Hoje, a legislação já permite a compra dos imunizantes por pessoas jurídicas. No entanto, a regra é que todo o estoque deve ser doado ao SUS até que seja concluída a vacinação dos grupos prioritários.
Com essa primeira fase concluída, a regra muda: as empresas podem comprar, distribuir e aplicar as doses de vacina, mas metade do estoque tem que ser doada para o SUS. A outra metade pode ser aplicada de forma gratuita nos funcionários da firma, por exemplo.
A proposta aprovada pela Câmara flexibiliza essa exigência, permitindo que as empresas escolham uma entre duas contrapartidas:
*doar integralmente as doses
ao Sistema Único de Saúde (SUS) para serem usadas no Programa Nacional de
Imunizações (PNI); ou
*aplicar as doses
exclusivamente nos seus empregados (sejam eles funcionários, estagiários,
associados, autônomos ou prestadores de serviços), de forma gratuita, e doar a
mesma quantidade utilizada ao SUS.
Estabelecimentos de saúde
Relatora do texto, a
deputada Celina Leão incluiu nesta terça um dispositivo que permite a
contratação, pelas empresas, de estabelecimentos de saúde autorizados a
importar vacinas – hospitais, farmácias e clínicas particulares, por exemplo.

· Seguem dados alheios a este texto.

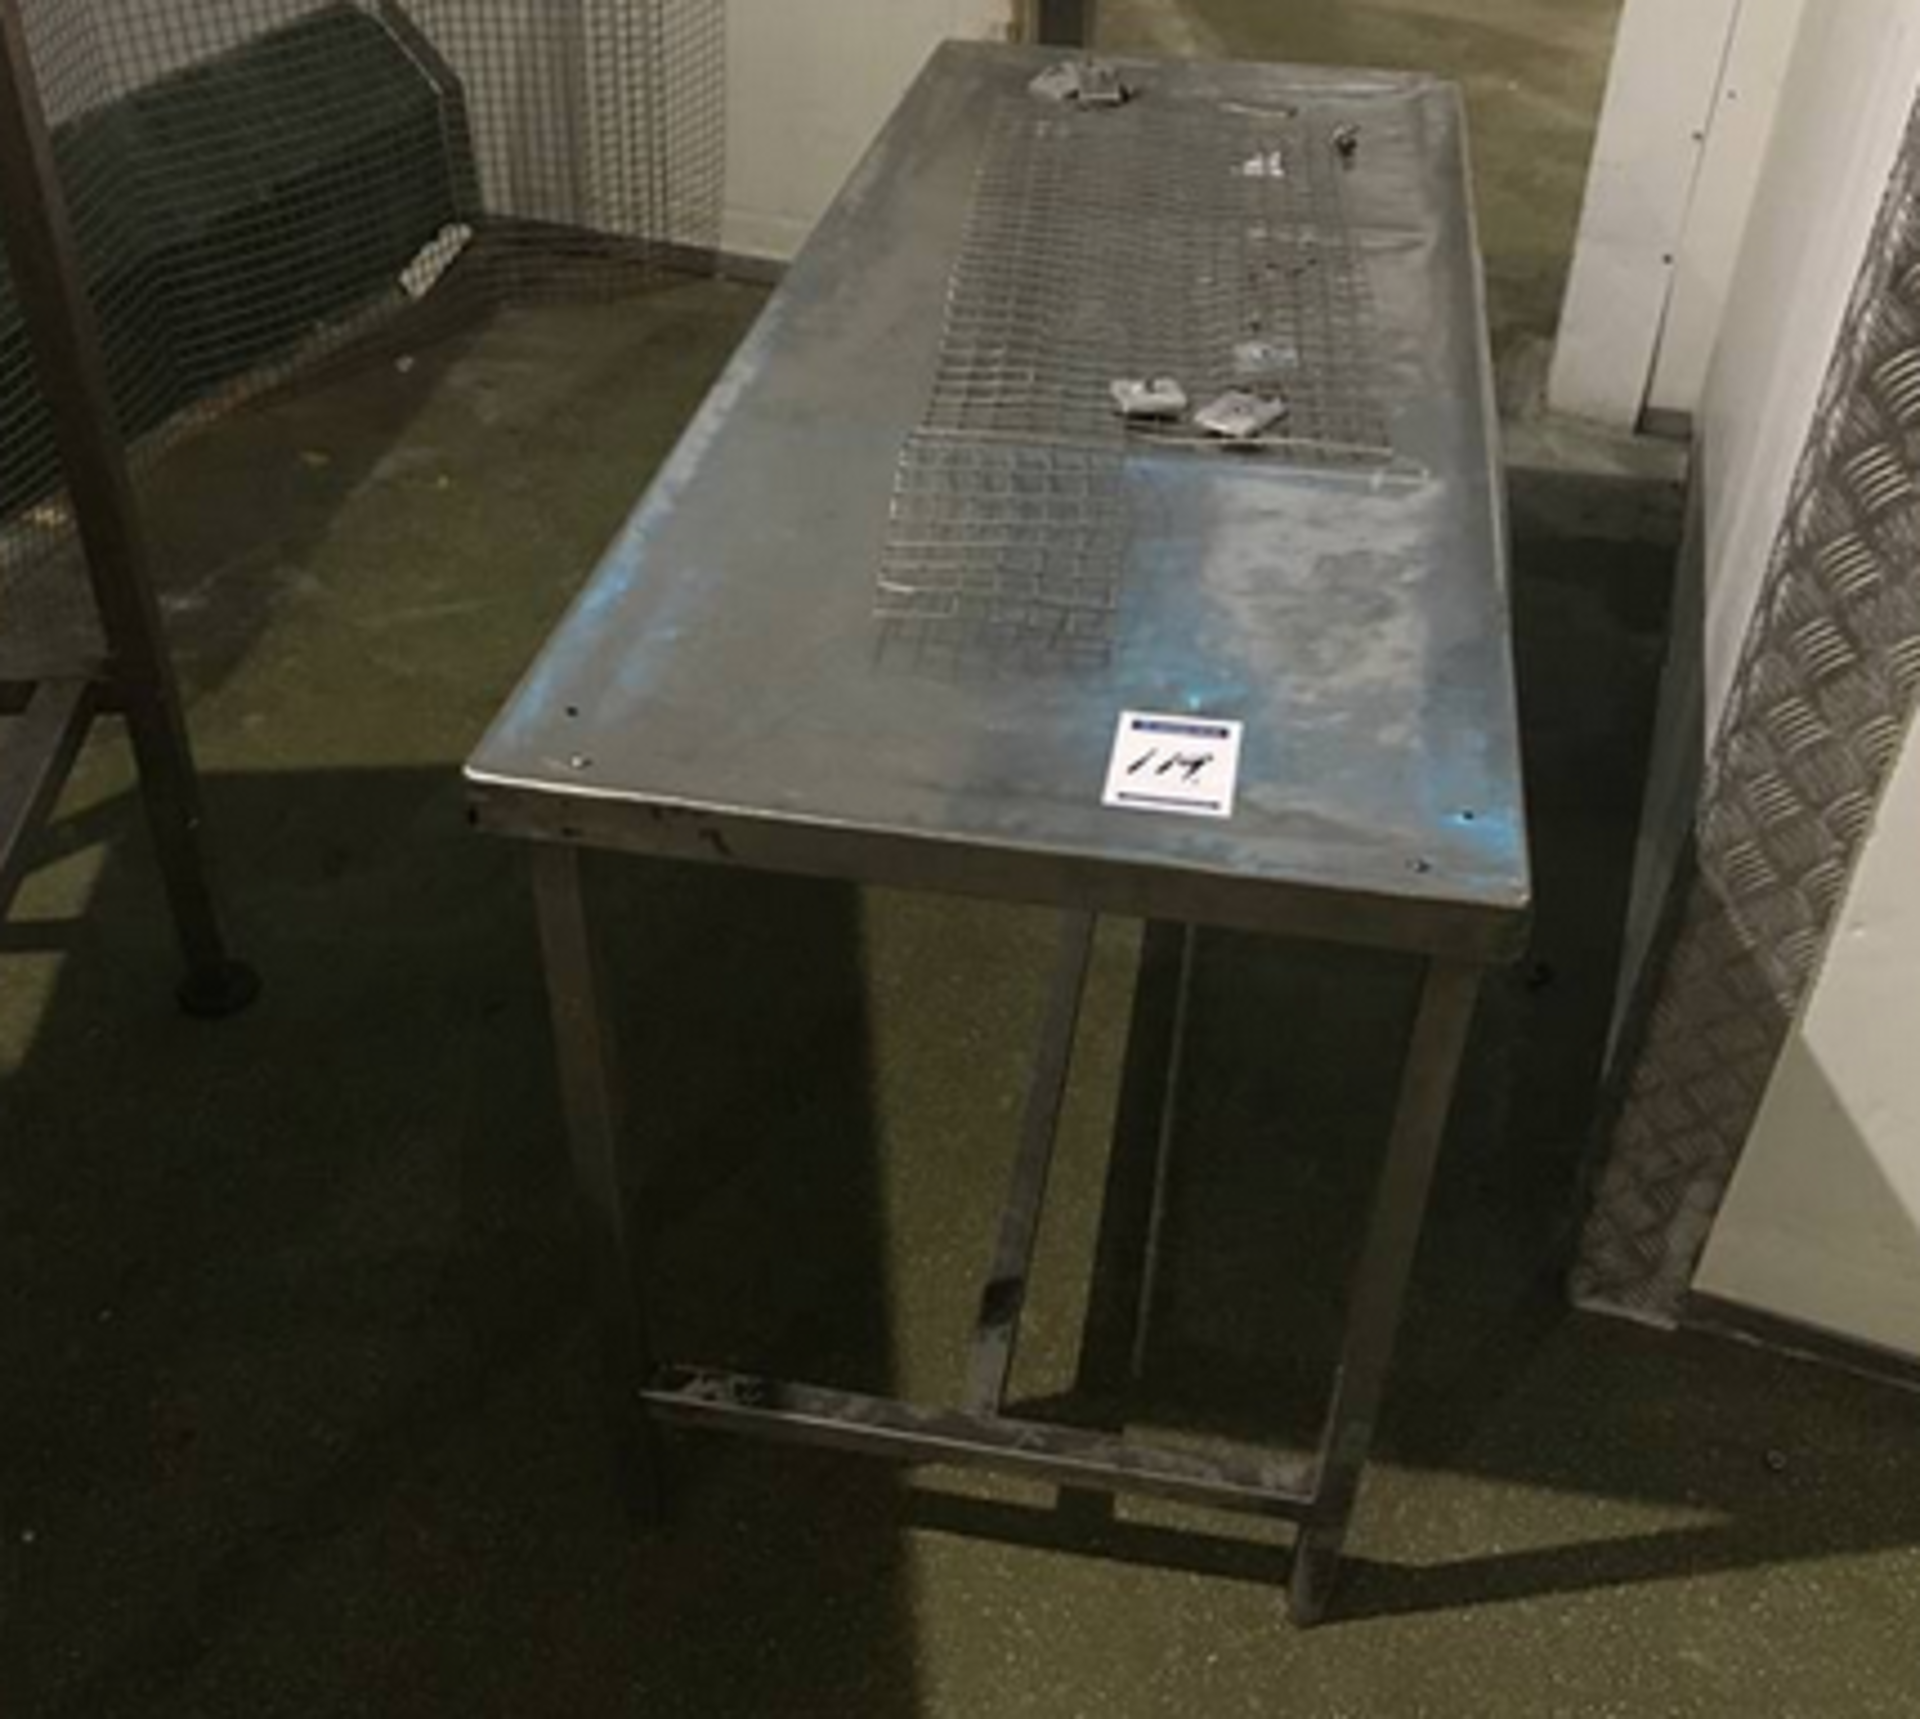 STAINLESS STEEL TABLE.

A relatora argumenta que uma lei de 1973 estabelece que apenas empresas licenciadas pela Agência Nacional de Vigilância Sanitária (Anvisa) ou por órgãos de vigilância sanitária estaduais podem importar ou exportar medicamentos e insumos farmacêuticos.

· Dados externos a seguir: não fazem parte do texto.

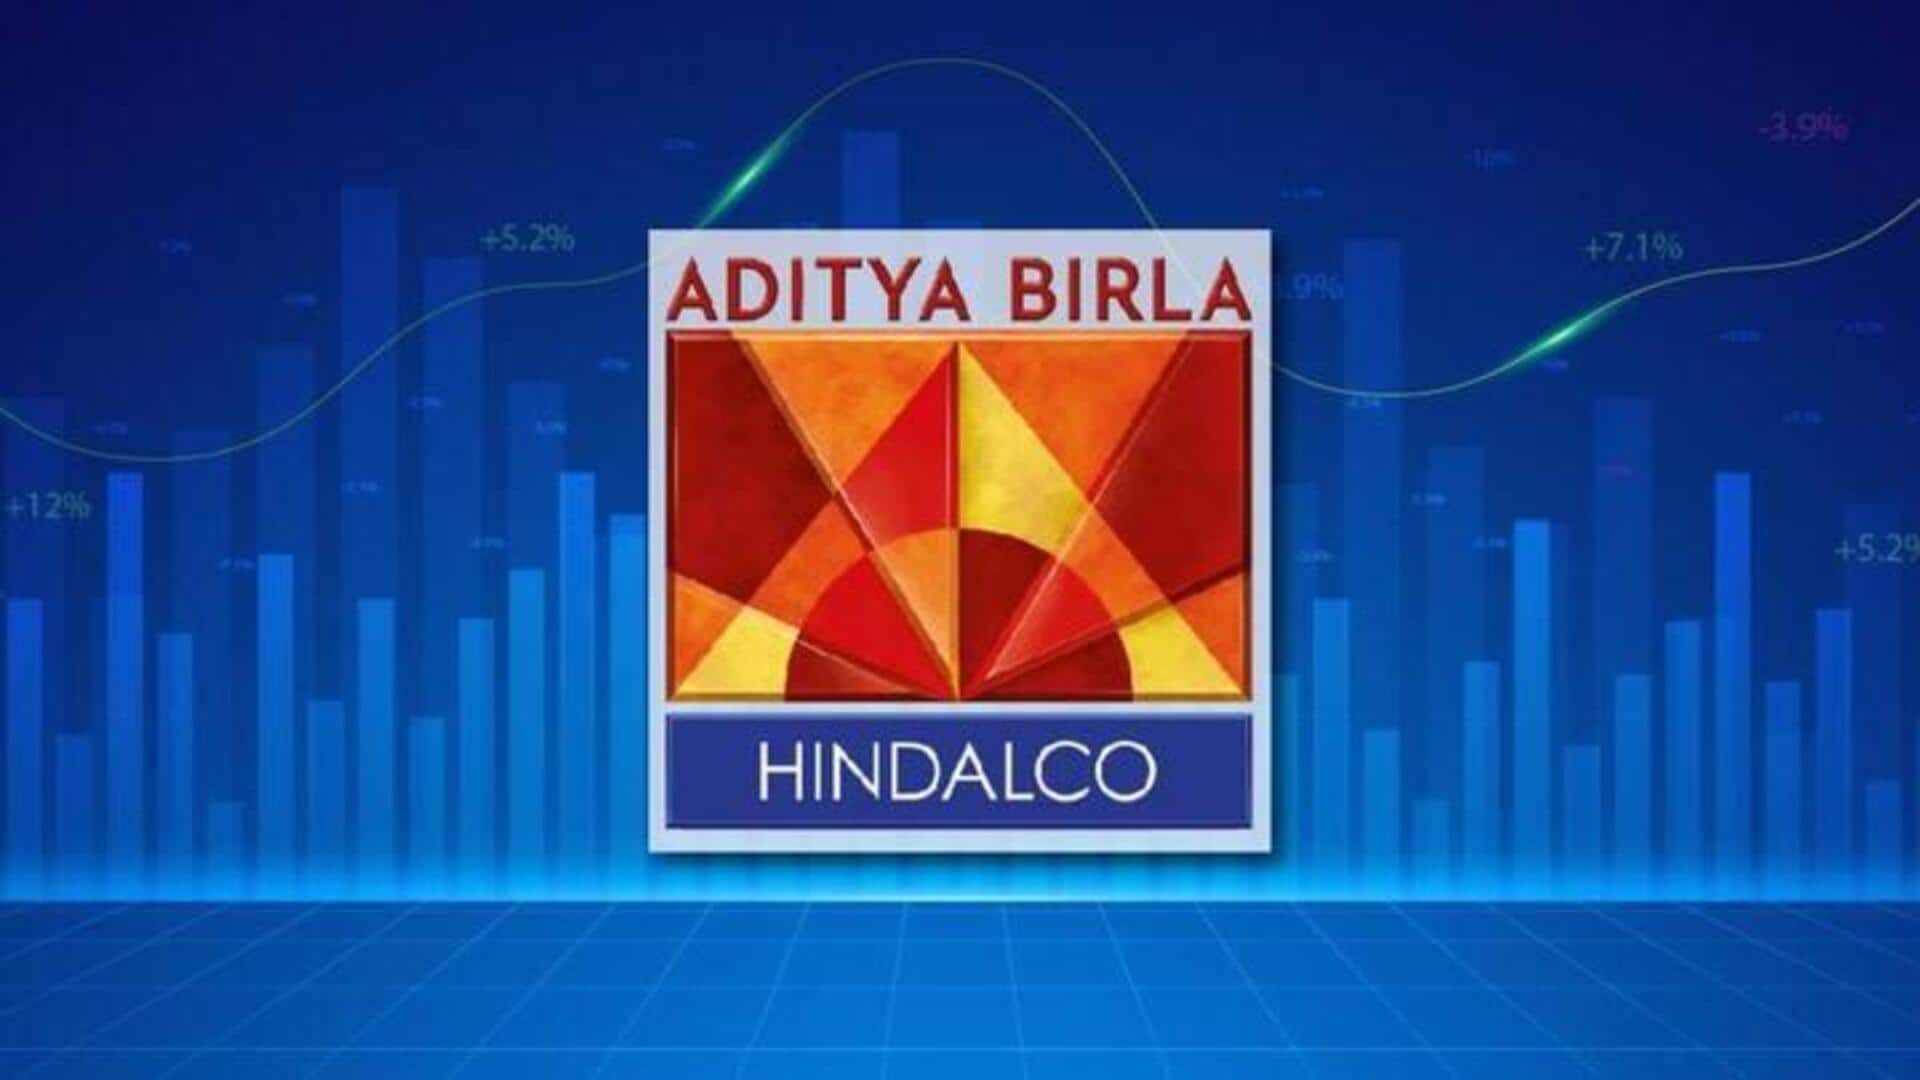 Hindalco's Q3 profit skyrockets 71% to Rs. 2,331 crore

“A redação sugerida permite que tal importação seja realizada por qualquer pessoa jurídica de direito privado, ao contratarem estabelecimentos de saúde privados autorizados, como hospitais, farmácias e clínicas de vacinação, para que realizem a importação das vacinas contra a Covid-19”, diz o relatório.
Outros pontos do projeto
Autoridades estrangeiras: o
texto permite que as empresas adquiram não apenas vacinas que tenham
autorização ou registro na Anvisa, como também as vacinas autorizadas por
órgãos sanitários estrangeiros reconhecidos e certificados pela Organização
Mundial da Saúde (OMS).
Multas: descumprimento das exigências pode levar à multa equivalente a dez vezes o valor gasto na aquisição de vacinas.
Aplicação das doses: as vacinas devem ser aplicadas em qualquer estabelecimento ou serviço de saúde que tenha sala para aplicação de injetáveis autorizada pelo serviço de vigilância sanitária local.

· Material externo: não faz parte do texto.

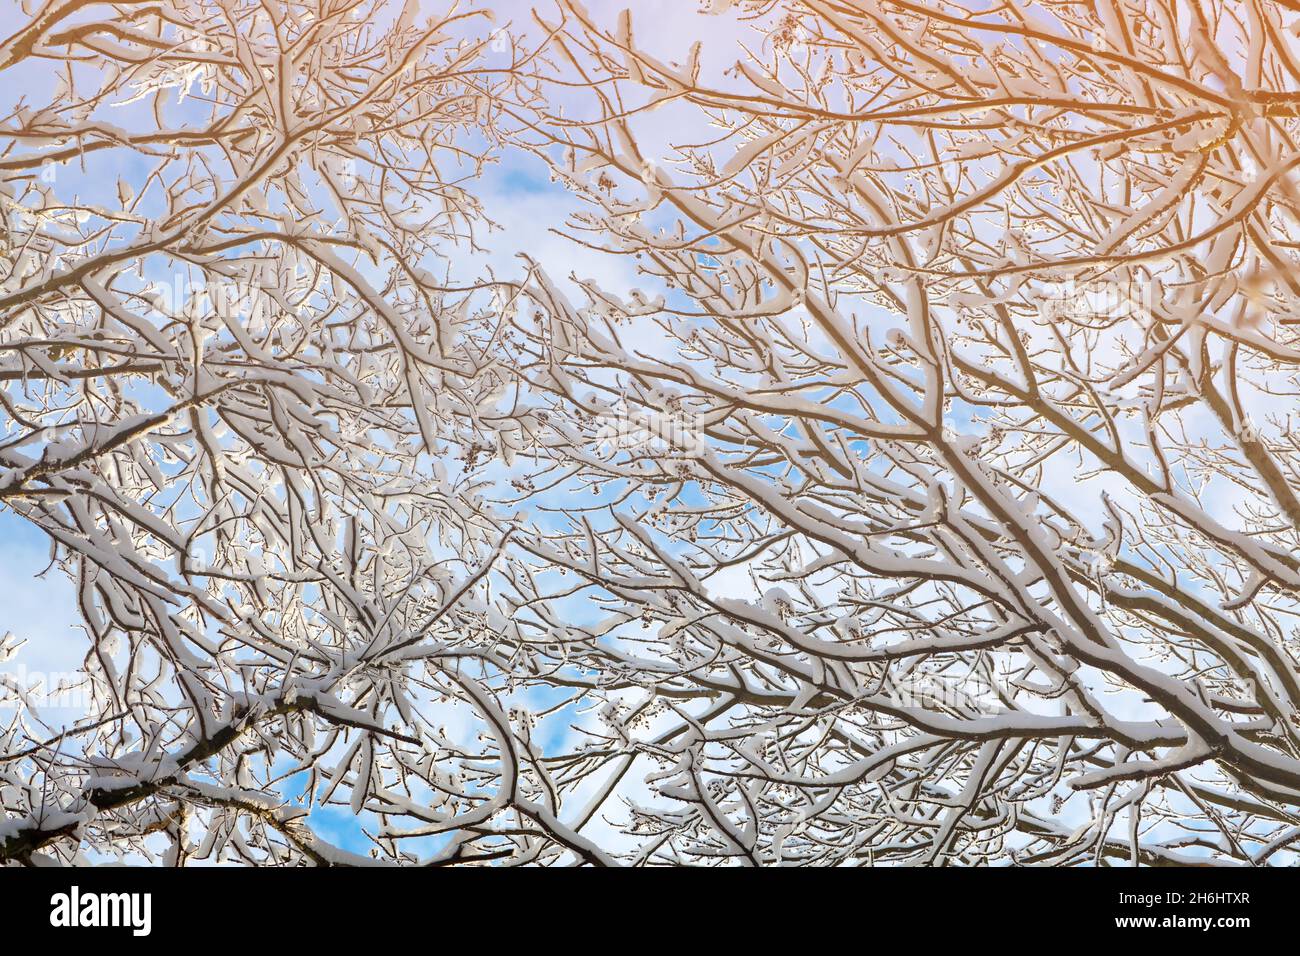 snow covered shrubs with a clear blue sky Stock Photo

Sindicatos e cooperativas: o
texto prevê, ainda, a possibilidade de associações, sindicatos e cooperativas
adquirirem vacinas para distribuição, administração e imunização de seus
associados ou cooperados.
Discussão
Celina Leão defendeu em
plenário que o projeto é uma forma de mitigar os danos à economia do país.
Segundo ela, o texto não traz "inovação legislativa", apenas retira a
"trava jurídica" que exige a utilização pela iniciativa privada após
a imunização dos grupos prioritários.
"Hoje a lei é cínica, o que é uma lei cínica? Ela foi aprovada, nós permitimos o particular comprar, mas ela é inexequível, só pode comprar depois de os prioritários serem imunizados", disse Celina.
Autor do projeto, Hildo Rocha (MDB-MA) negou que o projeto “fura a fila” da vacinação, como argumentam os críticos da proposta.
“A cada um que uma empresa
vacinar, retiram-se dois da fila do SUS, retiram-se dois da fila do Plano
Nacional de Imunização. É isso o que as pessoas têm que compreender”, disse.
Ex-ministro da Saúde, o
deputado Alexandre Padilha (PT-SP) criticou a proposta e disse que ele retira
oportunidades de vacinas para o SUS e reserva os imunizantes para “quem tem
dinheiro para comprá-los”.
“Isso pode criar a situação absurda de atrasar ainda mais o Programa Nacional de Vacinação do nosso país, porque o governo federal, os governos estaduais e municipais vão perder oportunidade de comprar essas vacinas. Ao mesmo tempo, vai fazer com que pessoas furem a fila da vacinação”, argumenta.
Segundo o líder da oposição, deputado Alessandro Molon (PSB-RJ), a proposta pode aumentar o valor dos imunizantes.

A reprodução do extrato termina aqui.